*** Opening of SOURCE MATERIAL ***

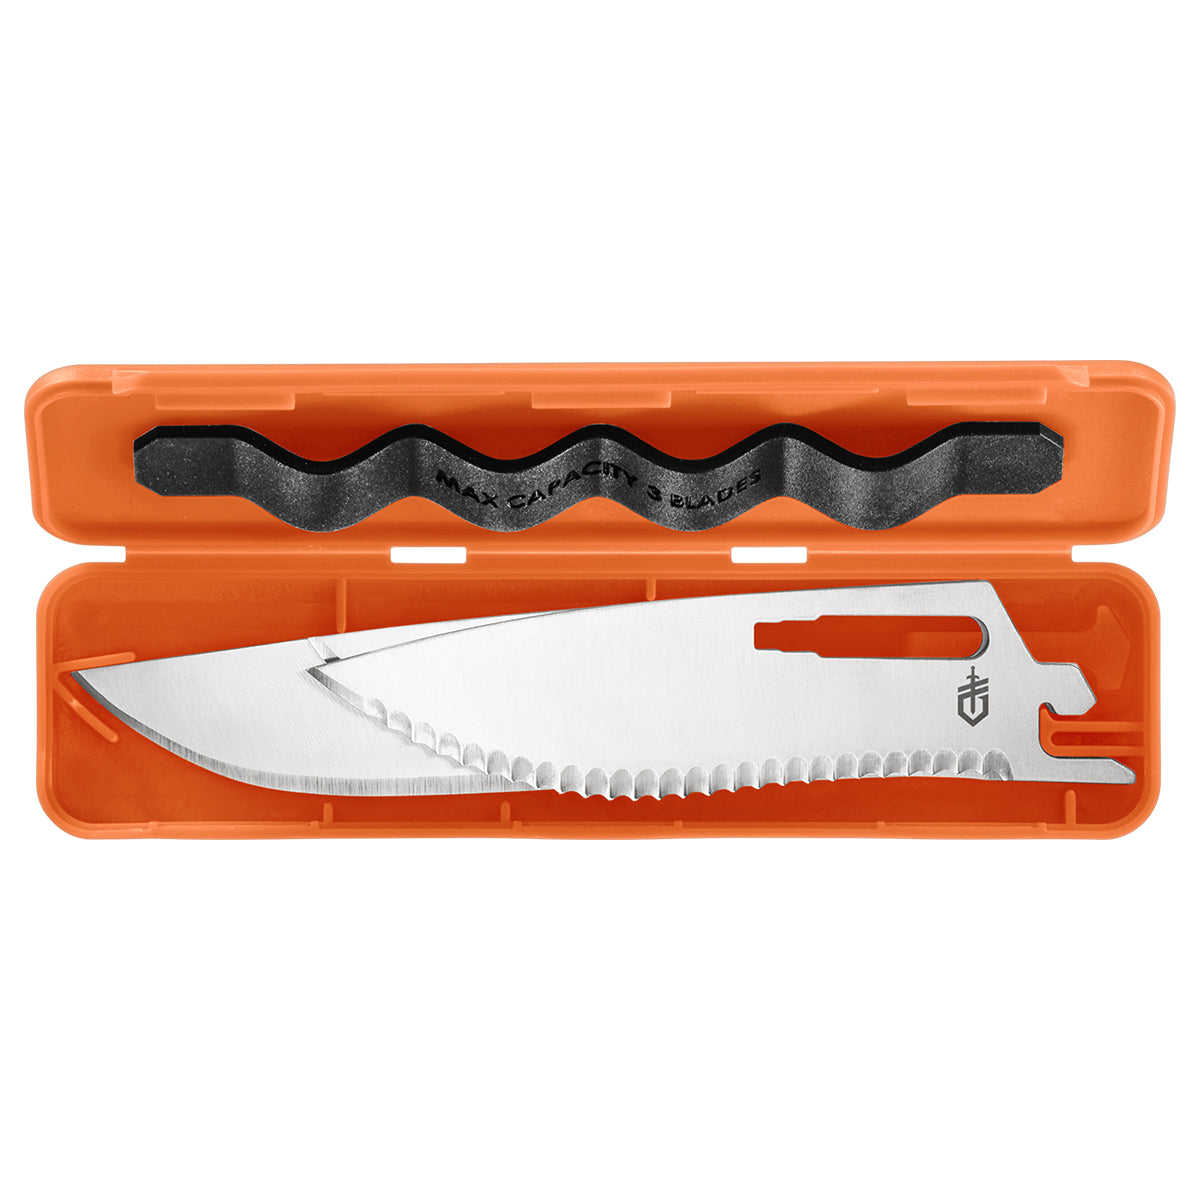 Gerber Randy Newberg EBS Knife in Randy Newberg EBS Knife by Gerber | Gear - goHUNT Shop by GOHUNT | Gerber - GOHUNT Shop
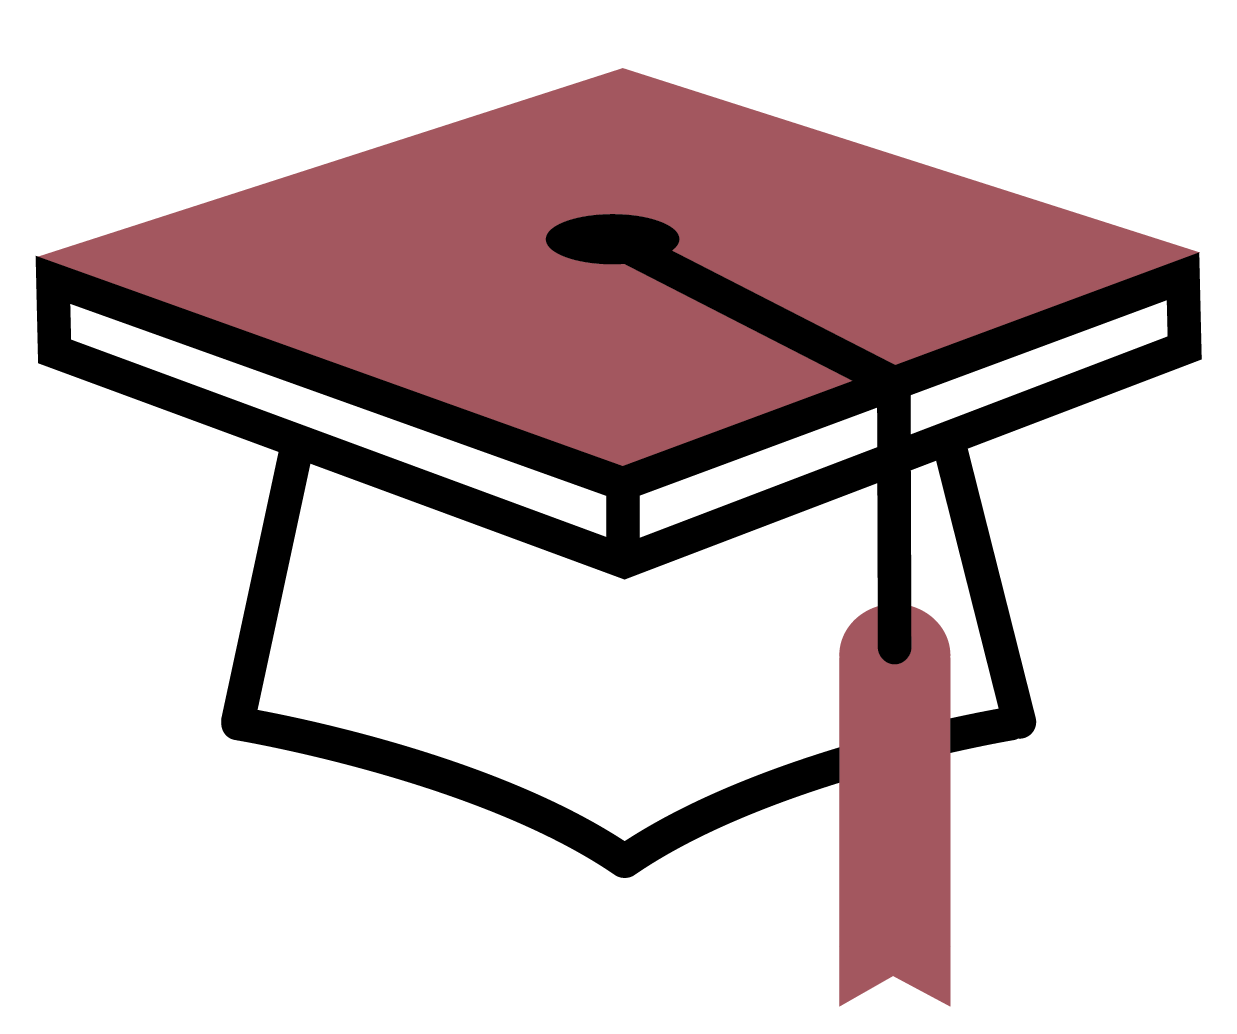 graduation cap with tassel icon
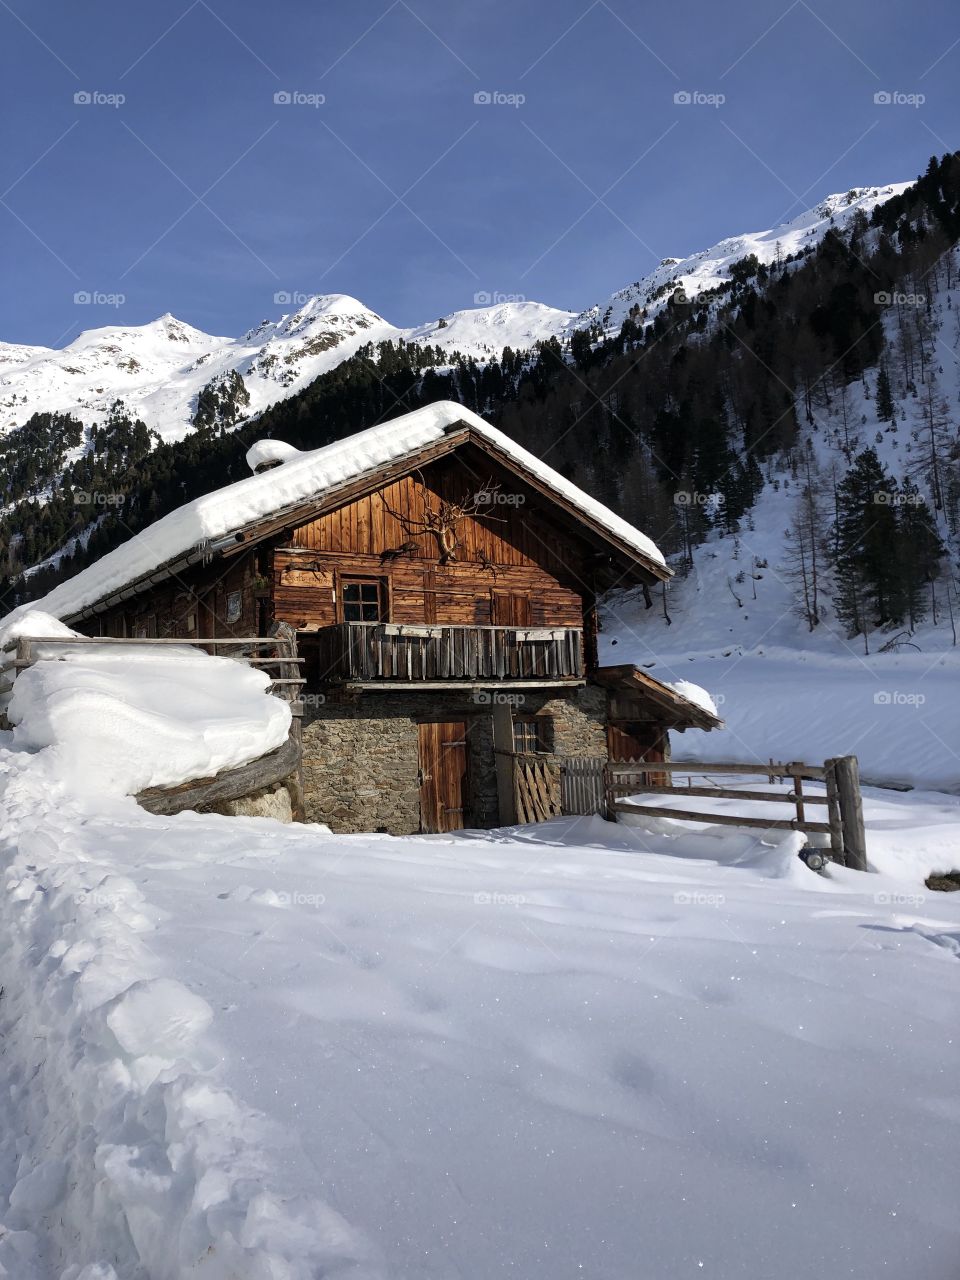 Winter mountain house chalet snow

*** Close of SOURCE MATERIAL ***

> _TASK STATEMENT_:
Drop the pictures, then transcribe the lines from the one containing "graduation cap with tassel icon" to the end of the data above, exactly and nothing more.

> _ANSWER BOX_:
 graduation cap with tassel icon
 Winter mountain house chalet snow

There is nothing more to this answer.